Abu Dhabi, UAESaturday 8 August 2020

CORONAVIRUS

Coronavirus: Iraq's Kurdistan region warns of 'humanitarian catastrophe'

Baghdad's Foreign Ministry says it will help to transfer funds from Iraqis to families stranded abroad

Members of the Hashed Al Shaabi (Popular Mobilisation) forces militia disinfect a street in the western Washash district of the Iraqi capital Baghdad on April 6, 2020. AFP
Members of the Hashed Al Shaabi (Popular Mobilisation) forces militia disinfect a street in the western Washash district of the Iraqi capital Baghdad on April 6, 2020. AFP

Iraq's autonomous Kurdish region on Monday warned of a "humanitarian catastrophe" from the coronavirus as the government in Baghdad offered to transfer funds to citizens stranded abroad.

Despite taking measures to contain infections, Iraq reported 1,031 cases of Covid-19 and 64 deaths, while the Kurdistan region has recorded 277 and three deaths as of Monday.

With a healthcare system depleted by years of conflict and corruption, officials across the country have warned that they are not equipped to deal with a full-blown crisis.

“The Kurdistan region is in grave danger and is facing a humanitarian catastrophe,” said Saman Al Barazanji, Health Minister in the Kurdistan Regional Government.

Kurdish authorities announced 41 new cases since Sunday.

The regional Interior Ministry said on Monday that measures to contain the virus, such as school closures and a curfew, would remain in effect until new instructions were issued.

The measures have not worked as well as the government had hoped, a Kurdish official in Erbil, the regional capital, told The National.

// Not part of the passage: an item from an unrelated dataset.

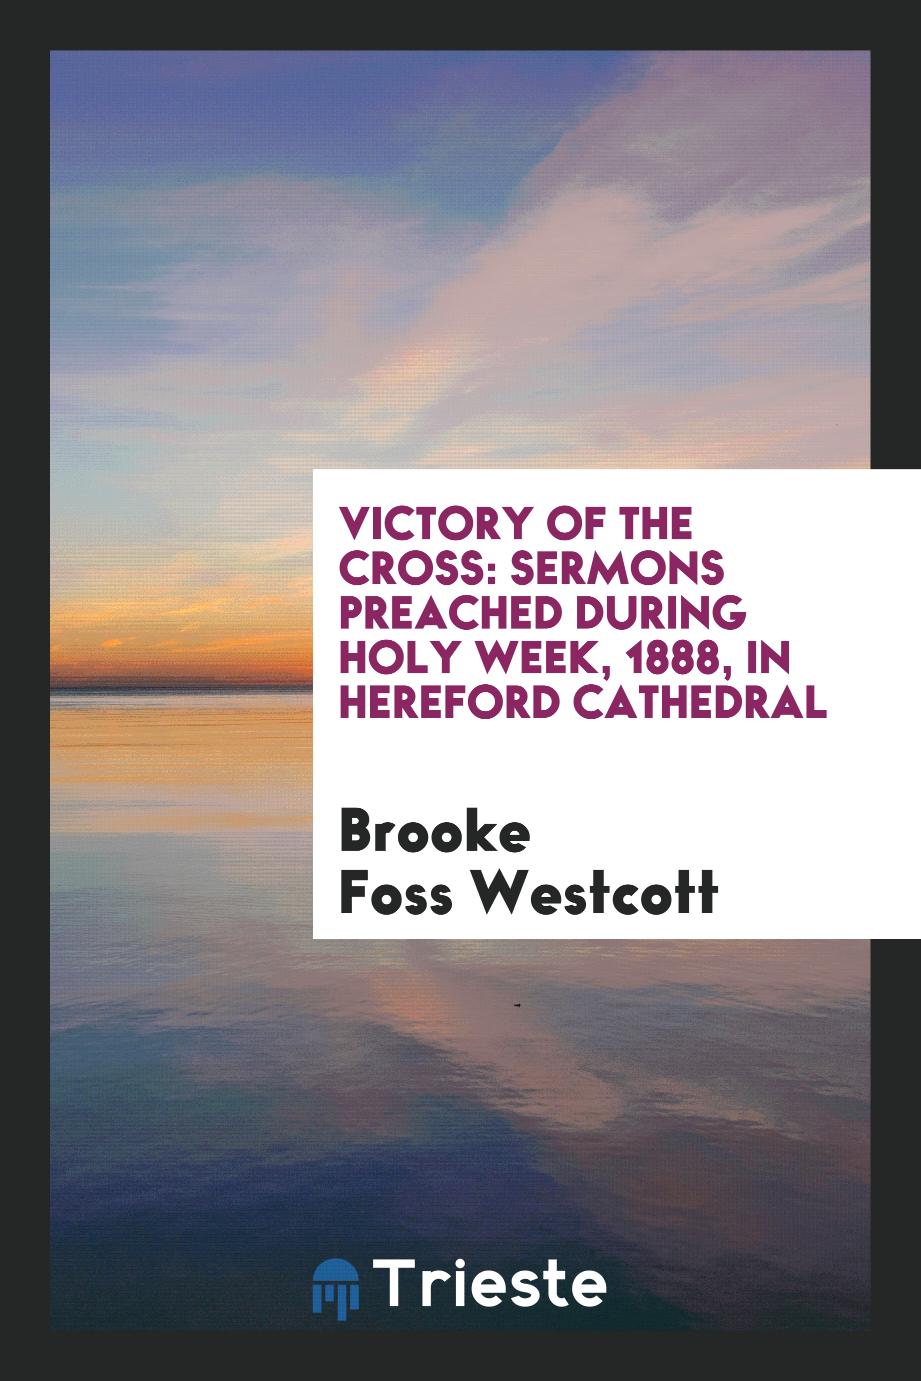 Victory of the Cross: Sermons Preached during Holy Week, 1888, in Hereford Cathedral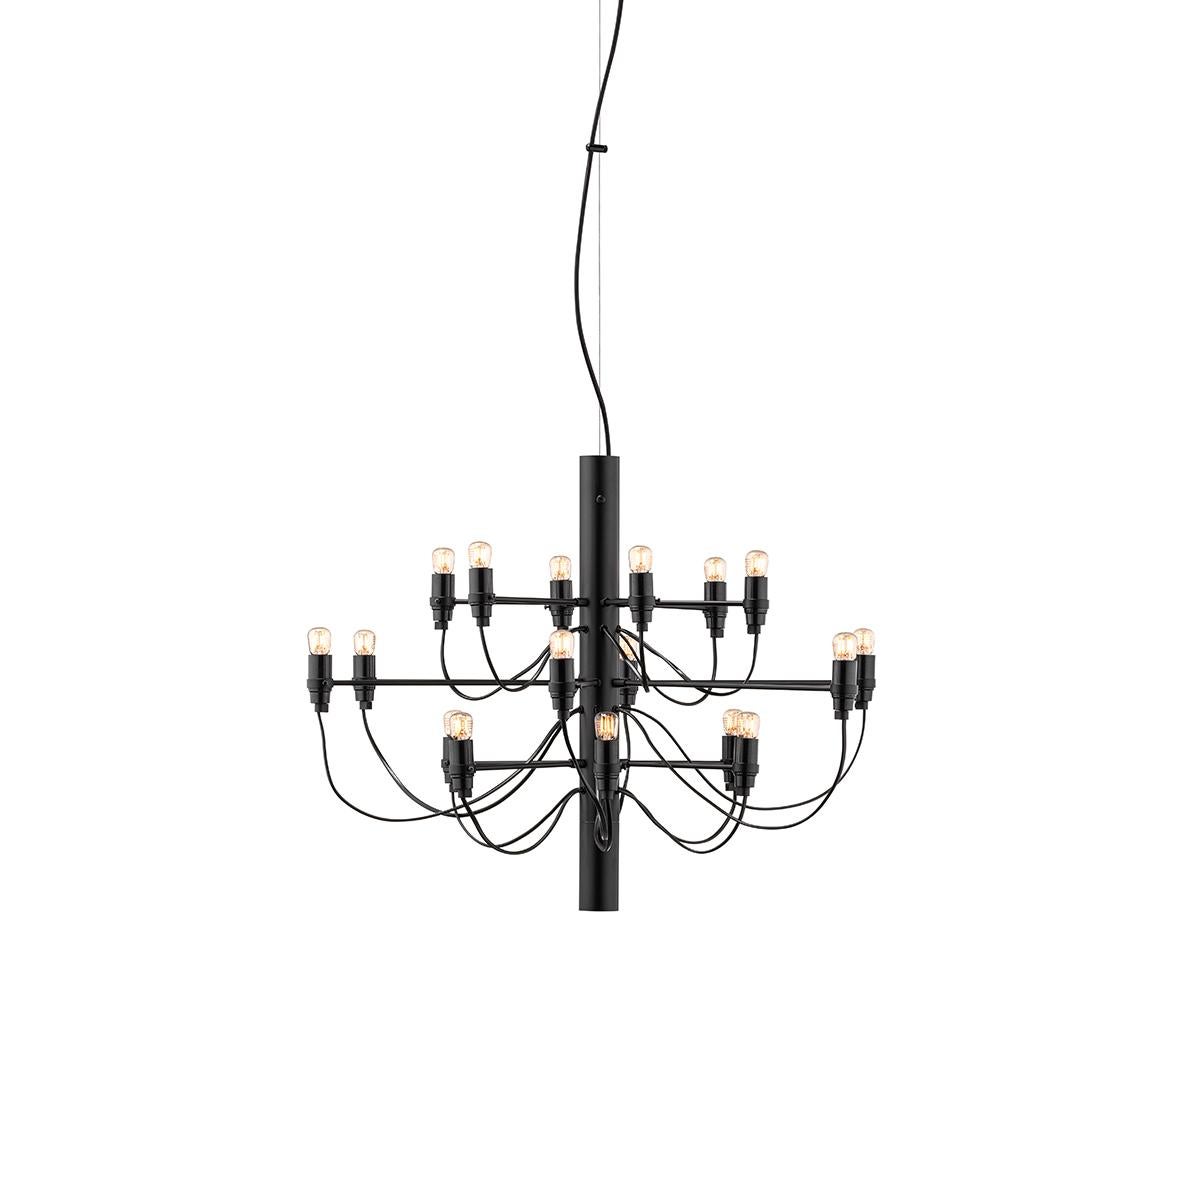 For Sale: Black (Matte Black) FLOS 2097/18 Suspension Lamp in Steel and Brass, by Gino Sarfatti 2

“Reasons for the spread are that our society is very social and residents are not used to this kind of curfew and are always on the move," he said. "Also, they have not taken this very seriously."

The curfew is expected continue until April 10 and might be extended, he said.

“If the pandemic spreads the government will not be able to deal with it, so the only way is to prevent it from spreading."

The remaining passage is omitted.